Crowthers is an Australian coach charter coach company in Sydney. Until January 2009 it operated route bus services in the Sutherland Shire.

History
In the early 1900s, S Crowthers and Sons Pty Ltd established a small bus service in Thirroul eventually expanding further south to Dapto. In 1952 Crowthers began operations in Sydney purchasing route 65 that operated between Cronulla railway station and South Cronulla from Ryder & Moore. In 1966 the service was extended to Caringbah.

In 1998 Barry and Paul Crowther purchased the company from their family.

For the Sydney Olympic Games in 2000 Crowthers were contracted to manage a fleet of 126 buses and over 200 drivers Olympic sponsors.

When the Sydney Metropolitan Bus System Contracts were established in 2005, the operation area of Crowthers Bus Service belonged to part of region 11, which was shared with Tiger Tours and Maianbar Bundeena Bus Service. 

In January 2009 Veolia Transport purchased the route bus operations of Crowthers with six buses.

Crowthers had also operated coaches since at least June 1981 when a new Domino Tourmaster was purchased.
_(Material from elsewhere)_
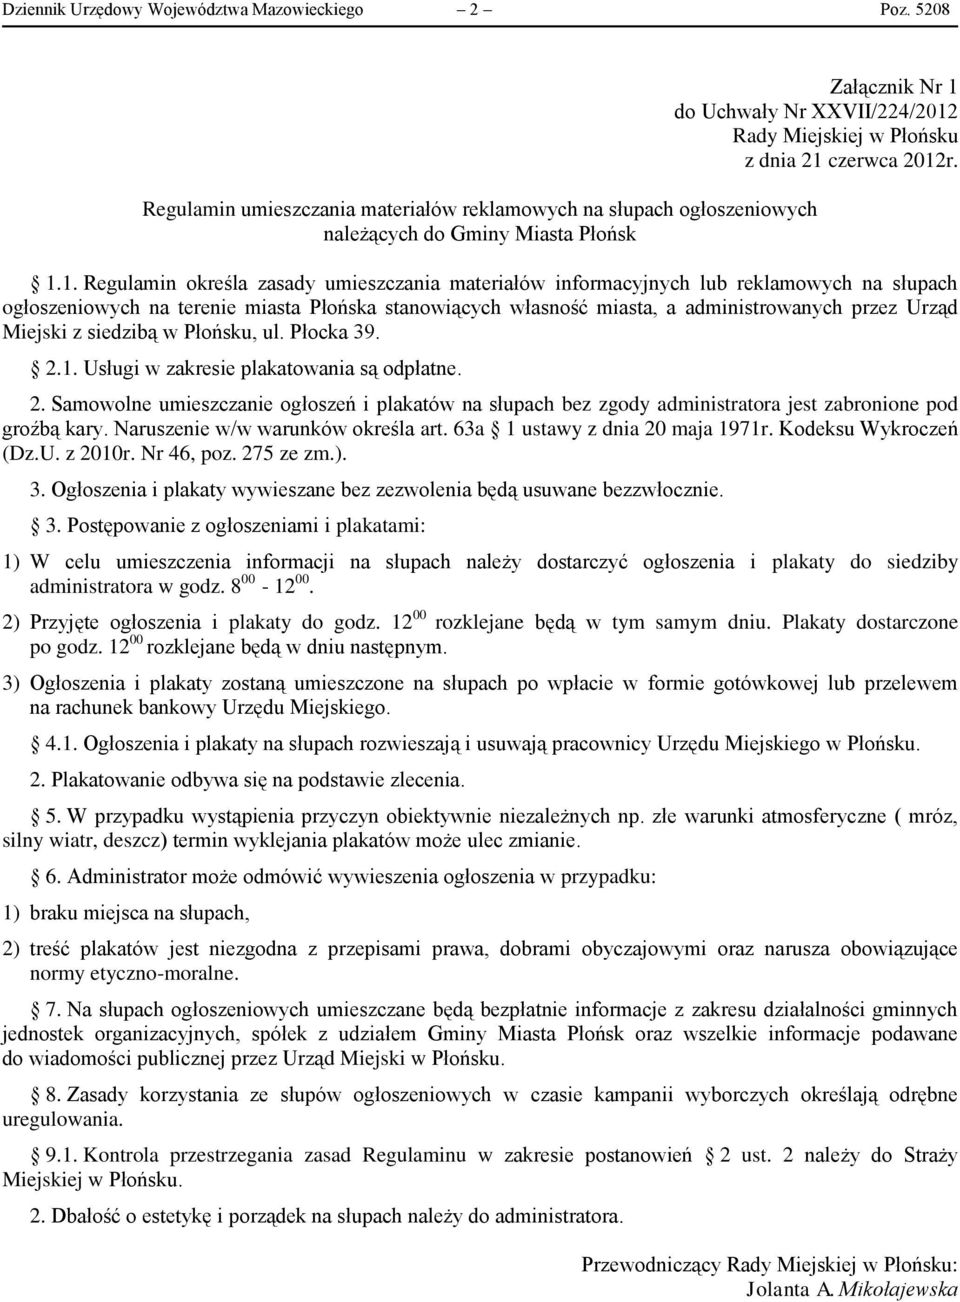 1. Regulamin określa zasady umieszczania materiałów informacyjnych lub reklamowych na słupach ogłoszeniowych na terenie miasta Płońska stanowiących własność miasta, a administrowanych przez Urząd

This part of the business continues with a fleet of three coaches operated as at May 2014 out of a depot adjoining Sydney Airport. Two of the coaches were painted in Australian Pacific Tours livery from 2005 to 2012. Crowthers had previously acted as a sub-contractor to the tourism company.

BusLink
With the introduction of the Passenger Transport Act of 1990, there was a consolidation of routes. Both Crowther's routes 65 and 66 and Nicholson's route 67 Cronulla to Kurnell were covered by one contract, leading to the operators combining their services under the BusLink brand in November 1992.

The routes were restructured with 984 and 985 operated by Crowthers and 987 by Nicholsons:

In May 2000 Crowthers took over the operation of Nicholson's service.

Crowthers also operated the Shire Shuttle, a Sutherland Shire Council sponsored late-night/early morning service providing free transport from major pubs and clubs. Crowthers also ran a service called the Sharks Shuttle which provided a free service to Endeavour Field from Heathcote, Engadine and Sutherland during Cronulla Sharks home games.